Система философии. Том 2. Этика чистой воли - страница 39
Что же в конечном счете является главным в этике? От утешительных надежд и украшений, и толкований мифологических образов мы можем спокойно отвлечься. Этика должна заниматься не тем, во что следует верить, чтобы надеяться и желать, или даже бояться и трепетать, но исключительно тем, что я должен делать, чтобы мои действия обрели ценность человеческого поступка. Понятие поступка заключается в единстве действия. Единство действия обосновывает единство человека. В единстве действия совершается и заключается единство человека.
Единство человека, мы можем обозначить его как конечную цель, как подлинный предмет этики. Человек не должен оставаться разорванным и раздробленным в своих действиях и стремлениях. Он не должен превращаться в каждое мгновение в другое существо. Не он тогда преобразился бы; но вещи вокруг него, а возможно, и внутри него, преобразили бы его. И это еще неточно; ибо он вовсе не преображается, потому что его еще вовсе нет. Пока он пребывает во множественности, которая состоит из воздействий на него и противодействий, исходящих от множественности, заложенной в нем, его «я» еще вовсе не существует. Только единство может дать ему это; может сделать его нравственным существом.
И это единство, как мы теперь понимаем, может быть обеспечено ему лишь во всеобщности, какой государство ее представляет; даже методологически оно должно быть обосновано преимущественно в этой всеобщности. Это уже была платоновская мысль.
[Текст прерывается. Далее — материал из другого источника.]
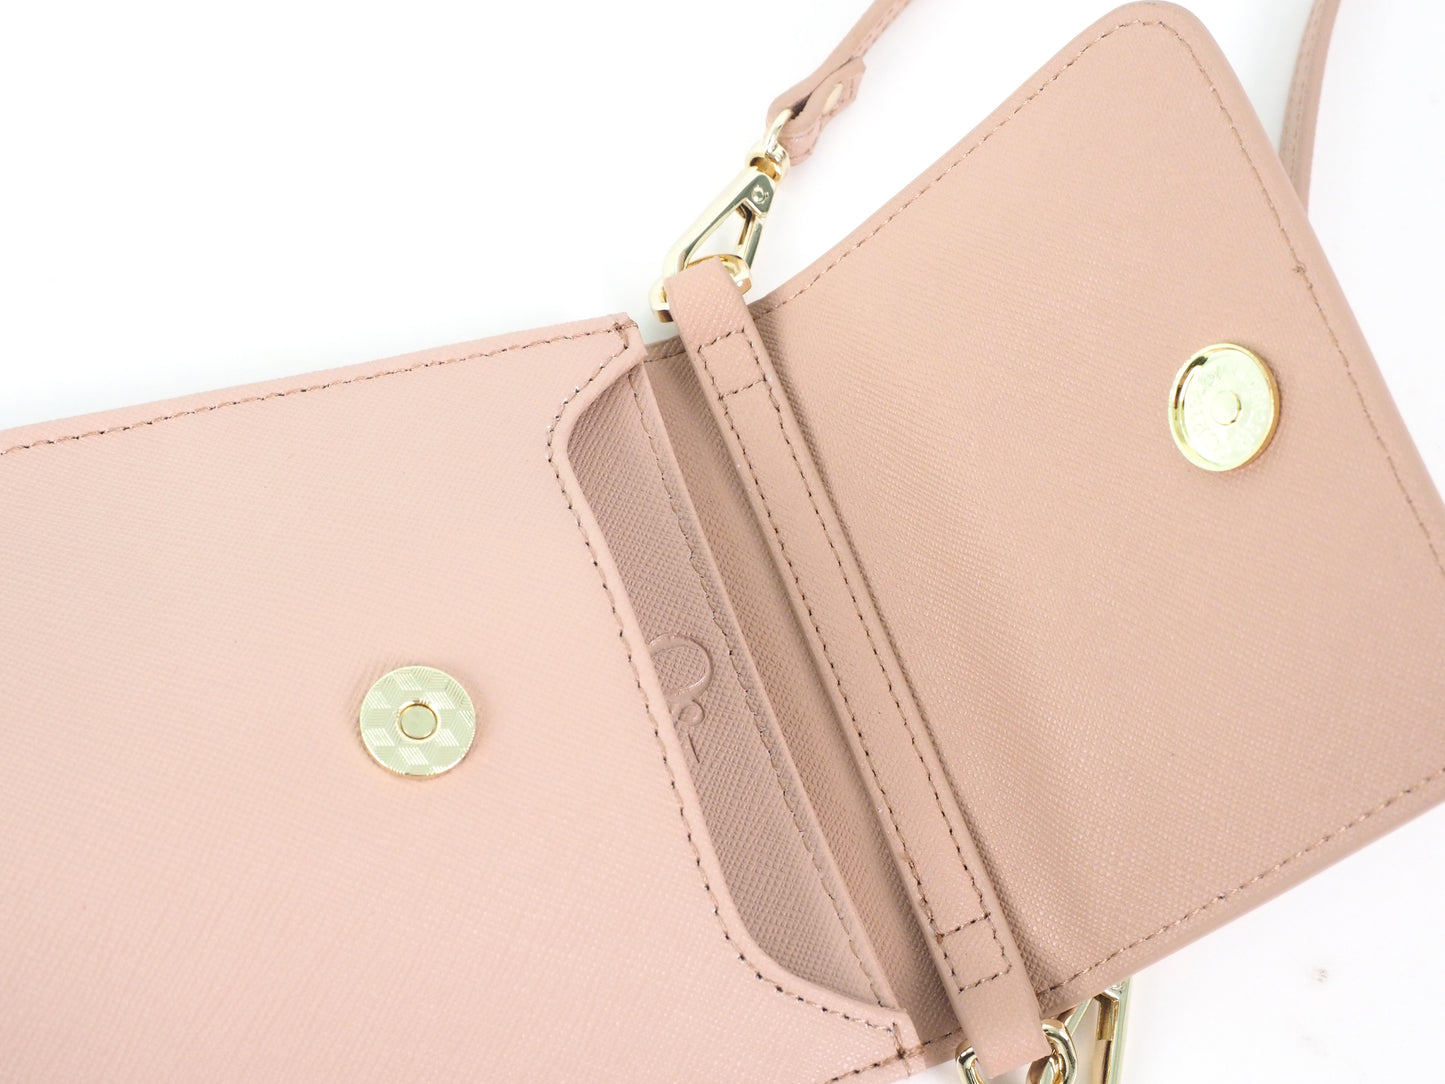 The Crossbody Phone Pouch

Не в чувственной единичности и особенности заключается единство человека, а в абстрактном единстве, которое тем не менее порождает самую прочную действительность: в единстве государственной всеобщности, в единстве государственной нравственности.
Государству приписывается не только сила, и не только способность к действию, но и воля. Эту волю можно мыслить как влечение лишь в обратной метафоре. Этика должна здесь быть воздвигнута и составлена как этика чистой воли. Понятие чистого мы знаем, конечно, из логики, и потому мы можем здесь его предположить. Но простое применение этого понятия к воле должно здесь остаться невыполненным, потому что понятие воли мы хотя и обдумали, но отнюдь еще не привели к определению. Поэтому введение может здесь прерваться. Само изложение должно будет раскрыть понятие чистой воли как содержание этики.
Только против предрассудка введение еще могло бы выступить, будто чистая воля не предлагала бы в такой же мере расположения для самого прочного содержания этики, как понятие чистого познания для содержания естественных наук. Поскольку чистая воля соотносится с правоведением и с государственным правом, то всякое сомнение, направленное в сторону того скептицизма, заранее устранено. Но в проблеме этики прежде всего должно зависеть от этого принципиального решения.
Ибо ничто не вредит проблеме этики глубже и внутреннее, чем подозрение в субъективности ее содержания. Бледный отблеск этого, конечно, падает на основополагающее различие между бытием и долженствованием, как мы это рассмотрели. Долженствование, как чистое хотение, должно иметь право утверждать обеспеченную ценность бытия. Всякое сомнение в этом было бы не только ложным идеализмом, но подкопом и срывом идеализма. Идея – не химера, а плодотворное и непогрешимое ведущее понятие всемирной истории. Чистая воля должна будет стать методическим средством того содержания, которое идея нравственности, которое этический идеализм должен реализовать. Чистая воля станет волей исторического бытия, исторической действительности. И в этой исторической действительности она приведет понятие человека к явлению.